On Friday, 27 April 2018 at 00:18:05 UTC, H. S. Teoh wrote:
> On Thu, Apr 26, 2018 at 04:26:30PM -0700, Walter Bright via 
> Digitalmars-d wrote: [...]
>> [...]
>
> People often complain about how redundant natural languages 
> are... not realizing that it actually provides, in addition to 
> being easier to read, some degree of built-in error-correction 
> and resilience in a lossy medium.  Think of reading a text that 
> has occasional typos or omitted words.  Most of the time, you 
> can still figure out what it's saying in spite of the "syntax 
> errors".  Or talking over the phone with lots of static noise.  

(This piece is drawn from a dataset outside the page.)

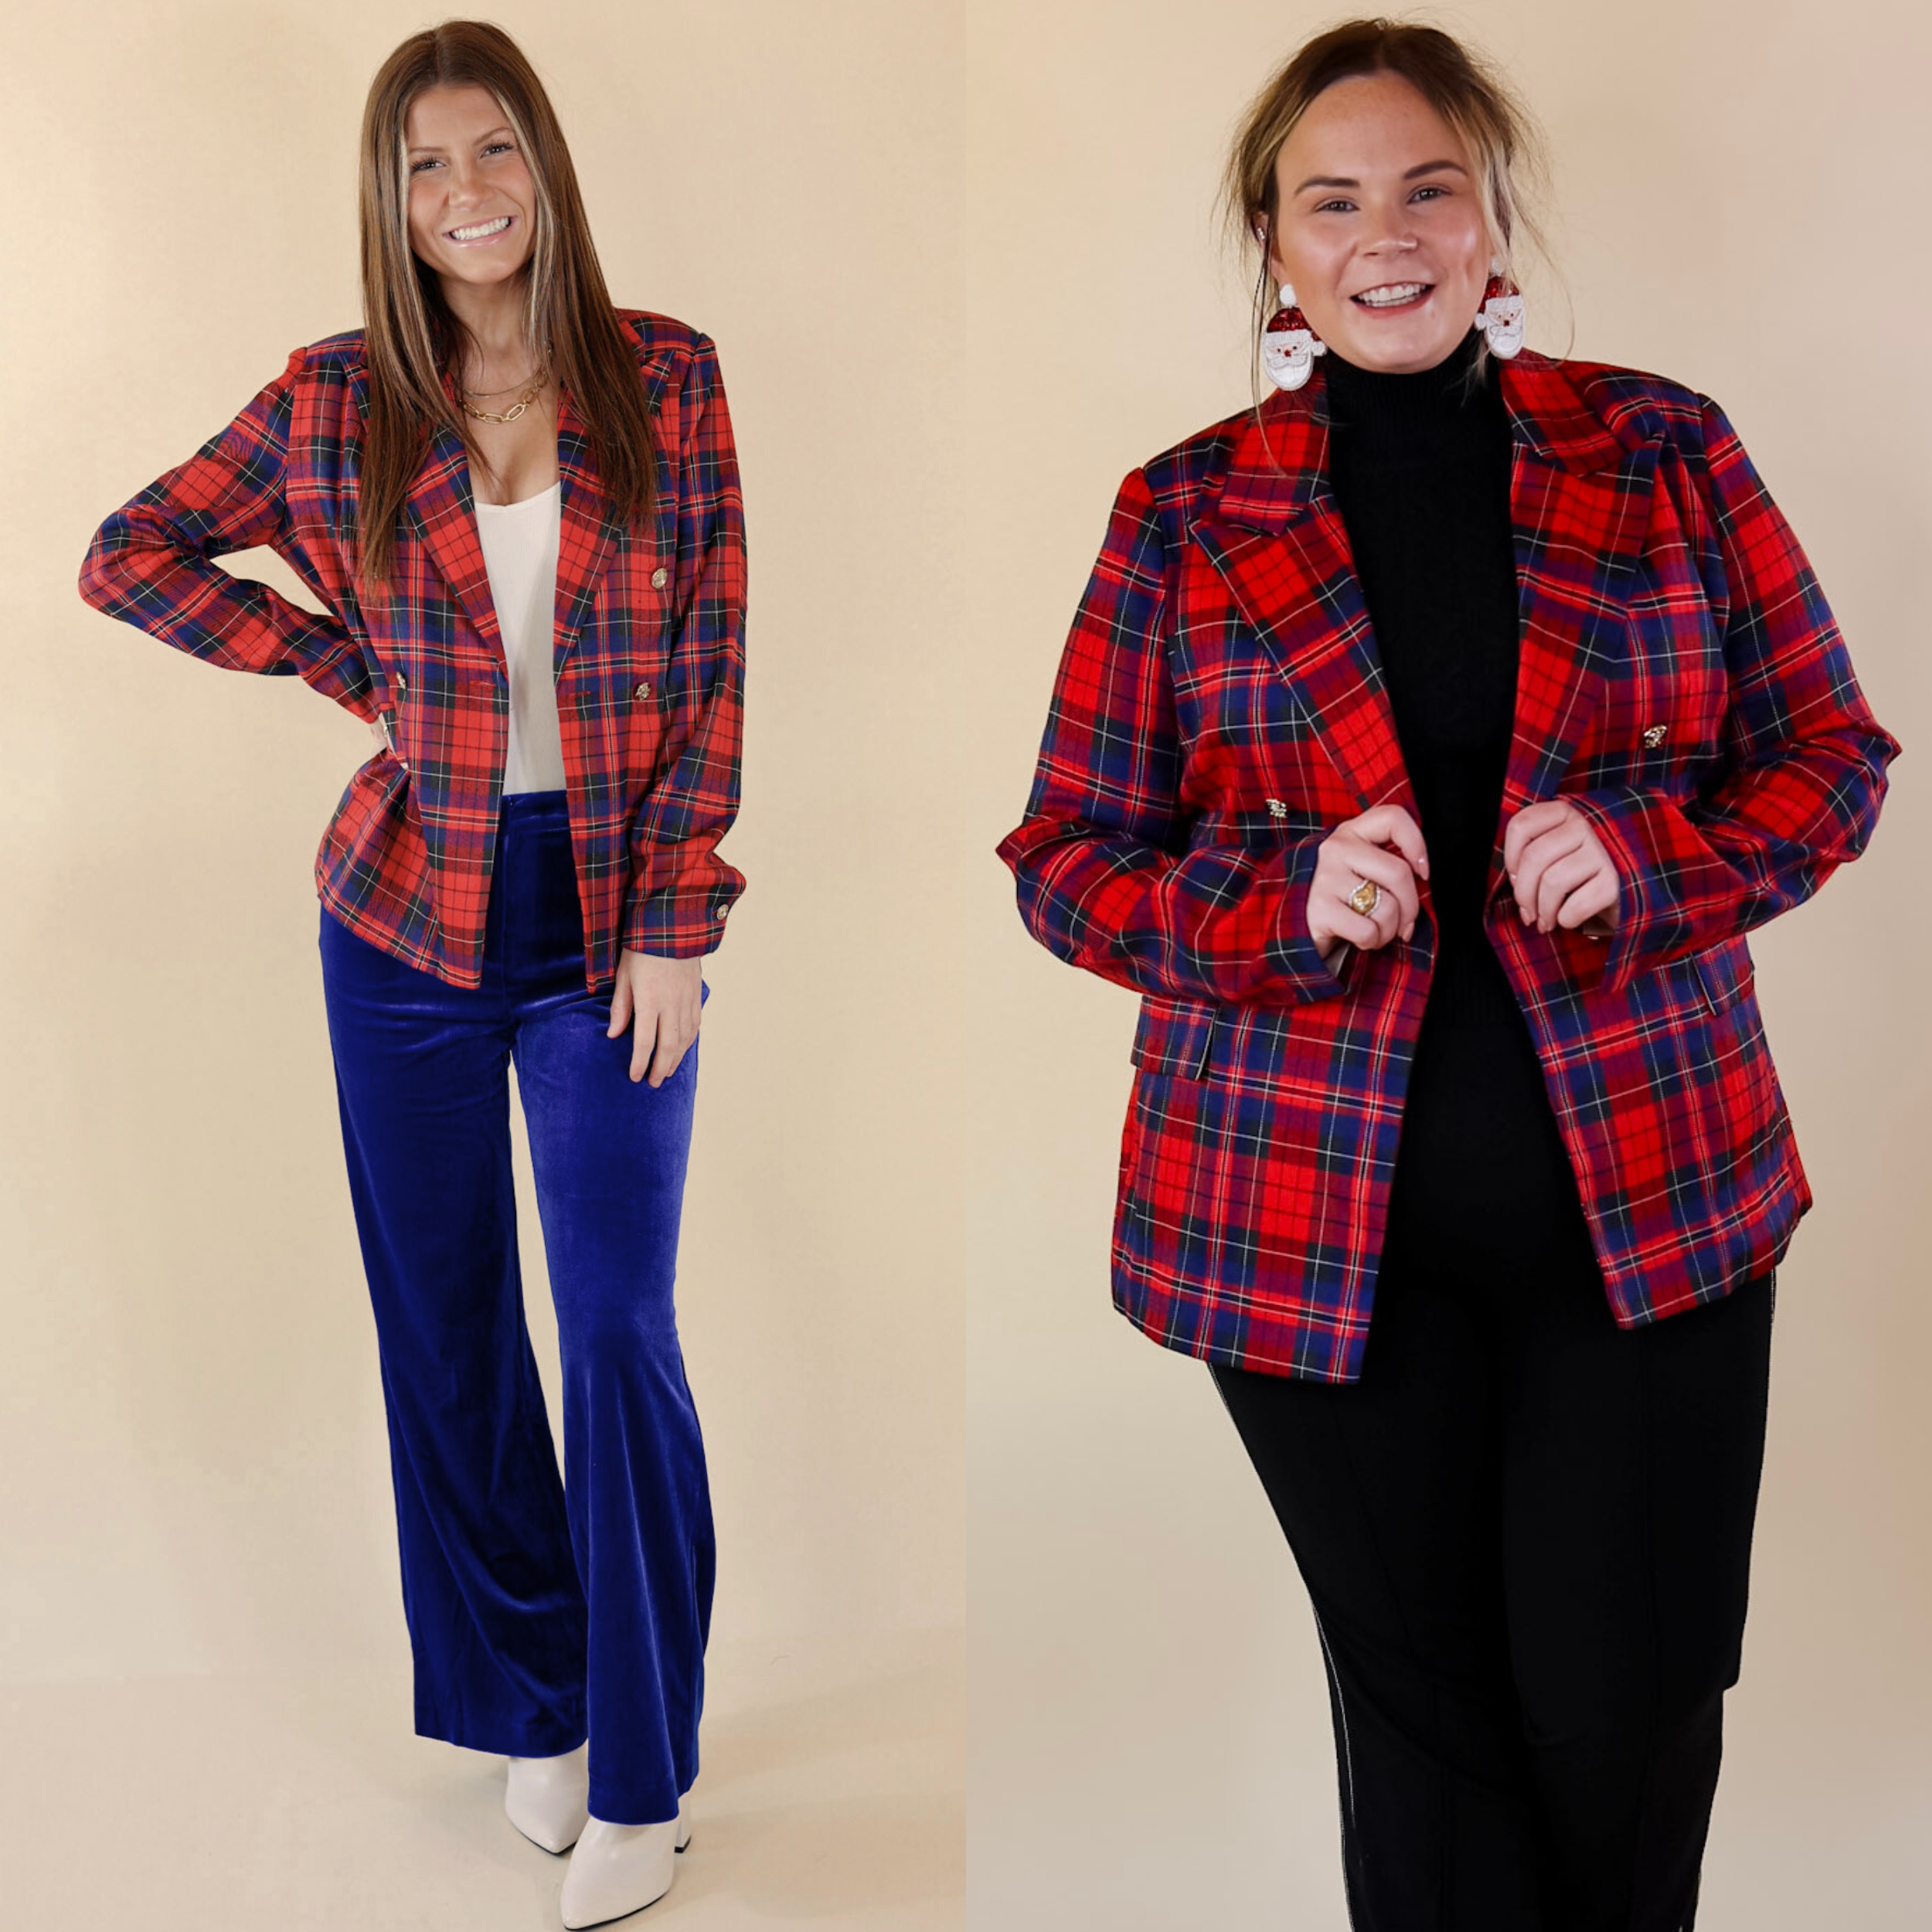 Model is wearing a red and blue plaid blazer with gold buttons. Model has this blazer paired with blue velvet pants, white booties, and gold jewelry

> You can still make out what the other person is saying, even if 
> some words are garbled.  Computer languages aren't quite at 
> that level of self-correctiveness and resilience yet, but I'd 
> like to think we're on the way there.
>
> Redundancy is not always a bad thing.
>
>
>> [...]
>
> Yes, something language designers often fail to account for.
>
> Well, many programmers also tend to write without the awareness 
> that 5 months later, someone (i.e., themselves :-D) will be 
> staring at that same piece of code and going "what the heck was 
> the author thinking when he wrote this trash?!".
>
>
>> [...]
>
> And Java. ;-)
>
>
> T

Yep. Good point. German is more redundant than English (case 
endings) and it's easier to re-construct garbled text. But 
natural languages tend to remove redundancy (e.g. case endings 
when the relation is clear) - up to a certain point! But 
redundancy is needed and good. Maybe natural languages show us 
how far you can go before you get in trouble.